Graves of St Peter’s Church Woolton

St Peter’s Church Woolton,  Liverpool is visited by scores of Beatles fans every day to see the grave of Eleanor Rigby. It is also the final resting place of former Liverpool FC manager Bob Paisley, the only British boss to win three European Cups. In addition to these two notable interments, there are many more worth paying respects to as well.

St Peters Church WooltonThe original St Peter’s Church was built in 1826 using sandstone from a local quarry. It sat 200 but by the 1880s it was far too small for the growing Woolton population. The new 500 capacity church was opened in October 1887 and its ninety feet tower is the highest point in Liverpool.

The grave that most people come to see is that of Eleanor Rigby, who died in 1939 at the age of 44 in the same house in which she was born in nearby Vale Road. Eleanor was a hospital worker and the granddaughter of a local stonemason. When asked in 1984 if the gravestone was an inspiration for the Beatles song of the same name, Paul McCartney responded that it wasn’t, but as he had cut through the cemetery many times with John Lennon it may well have been in his subconscious.

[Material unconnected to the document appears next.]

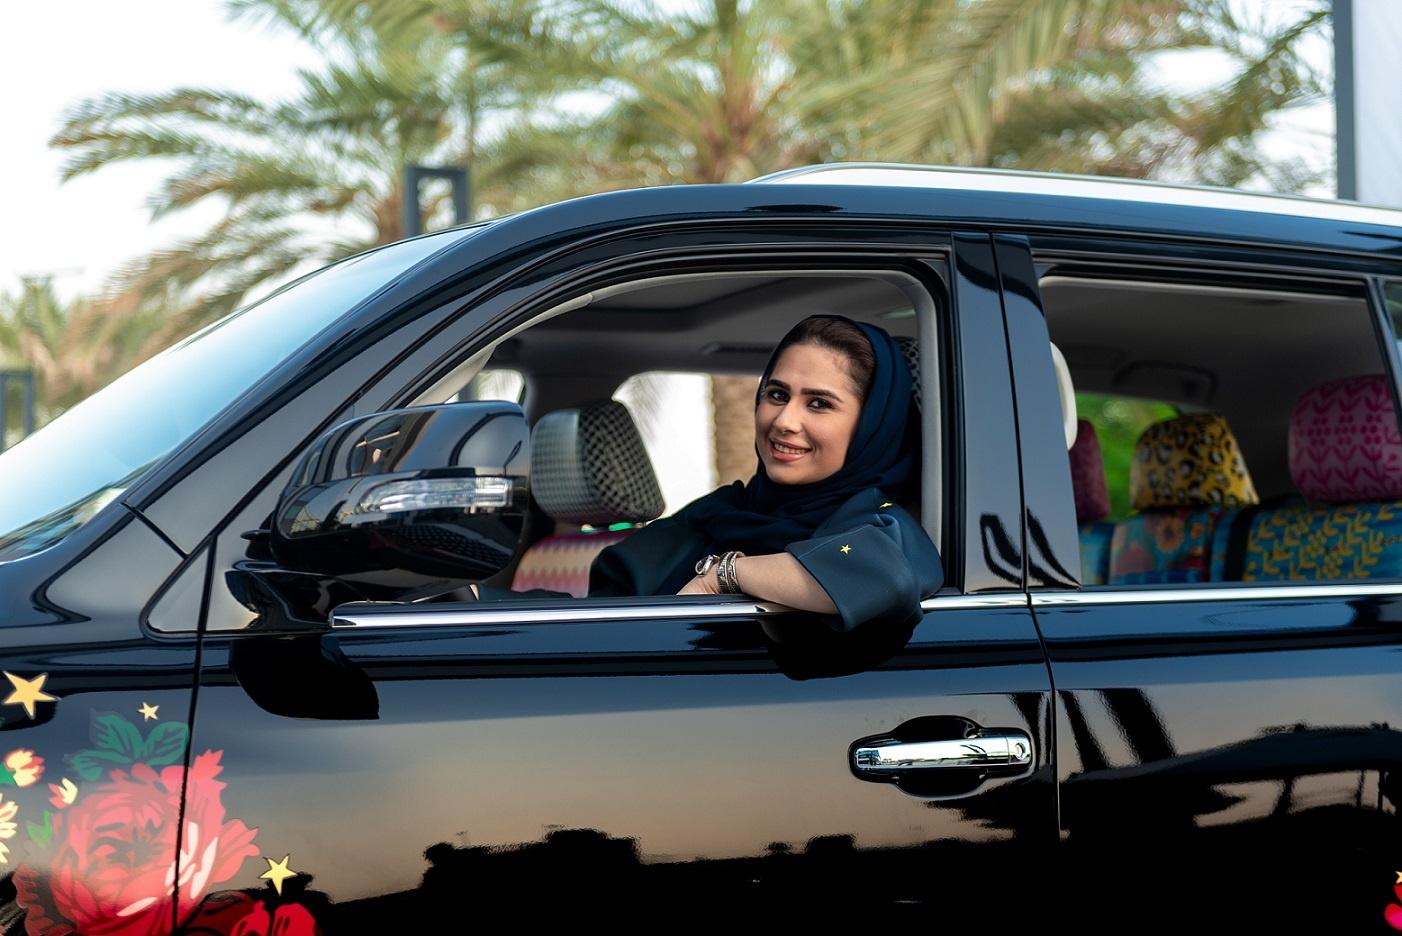 Al-Futtaim Toyota and Emirati Designer Fatma AlMulla Celebrate UAE Culture with Special Edition 2021 Land Cruiser

Bob Paisley’s grave is a very humble one, containing the inscription ‘He remained an ordinary man amid extraordinary achievements’. Paisley died of Alzheimer’s Disease in 1996 and buried alongside him is his devoted wife Jessie, who passed away in 2012. Paisley’s son Graham is the present verger of the church.

In the far left corner of the older section of the churchyard is the grave of a hero from the Crimean War. William Sewell suffered a serious head wound during the Charge of the Light Brigade at the Battle of Balaclava in 1854 and was medically discharged from the army aged just 23. He took a job as a coachman for the Earle family and remained with them for forty years, working for them at Spekelands in Edge Hill and then Allerton Hall. Sewell, who was living in Rose Lane when he died in 1910, is buried in the grave alongside his wife two of his three children.

Members of Sewell’s employers, the Earle family are buried in St Peters Church Woolton too. Sir Hardman Earle, who died aged 84 in 1877, was a director of the London & North Western Railway Company and Justice of the Peace. His eldest son Sir Thomas Earle was Mayor of Liverpool in 1853. He died in 1900 at the age of 77 and was also buried in the churchyard. The Earle family seat, Allerton Hall, is now a pub and restaurant.